Saturday, April 24, 2004

No, I am Doug Ross

Poems from a Beach, by Doug Ross I received this email a few days ago:

from doug ross to doug ross,

dude...please work on your representation of a doug
ross. you are totally off base w/ how i am portrayed.
i'm slightly dorky but you have taken it to another
level. chill be cool. be doug ross. thank you.

another doug ross.

My response:

When you search for Doug Ross on Google... who do you come up with?

When you need a hard-core hacker for those tough-to-crack problems, who do you
go to?

When you need a "Doug Ross" with 18" guns, who do you ask for?

That's right... me. All other Doug Rosses I'm aware of use me as a role model.



Perfectionism vs. Good Enough

Assume for a minute that some definitions exist:

good enough: The fuzzy range of software goodness which your customers are willing to accept your product and pay the negotiated price.

perfectionism: The software goodness required by which your best developer would showcase her software in a trade journal.

So... Is there not room for both? I mean a healthy software environment should consist of a tension between perfectionism and good enough...

My response:

It's "prioritization", not "perfection". The trait I look for, aside from technical ability and communications skills, is simply the ability to prioritize.

Nothing is ever perfect.
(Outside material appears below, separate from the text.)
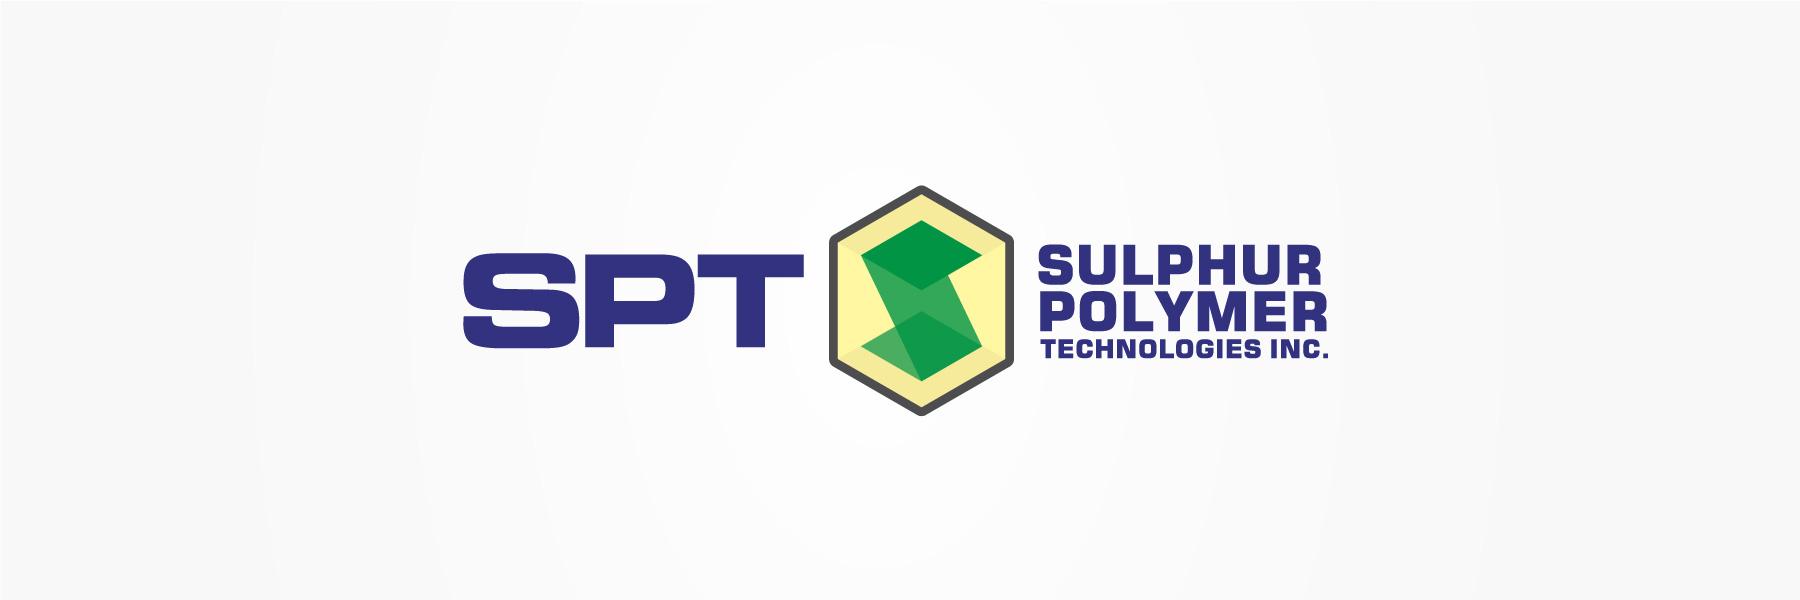 Sulphur-polymer-logo-design

Of those facets of our jobs that demand attention, which should be dealt with first? THAT, my friends, is prioritization. And very few folks I've come across have that ability.

When you have 30 days to ship a product, the developer who can figure out which tasks _must_ be accomplished to ship in 30 days... and spec out the tasks in the right order... is worth his or her weight in gold.

It all comes down to getting working software in the hands of users. Prioritization, IMO, is the key.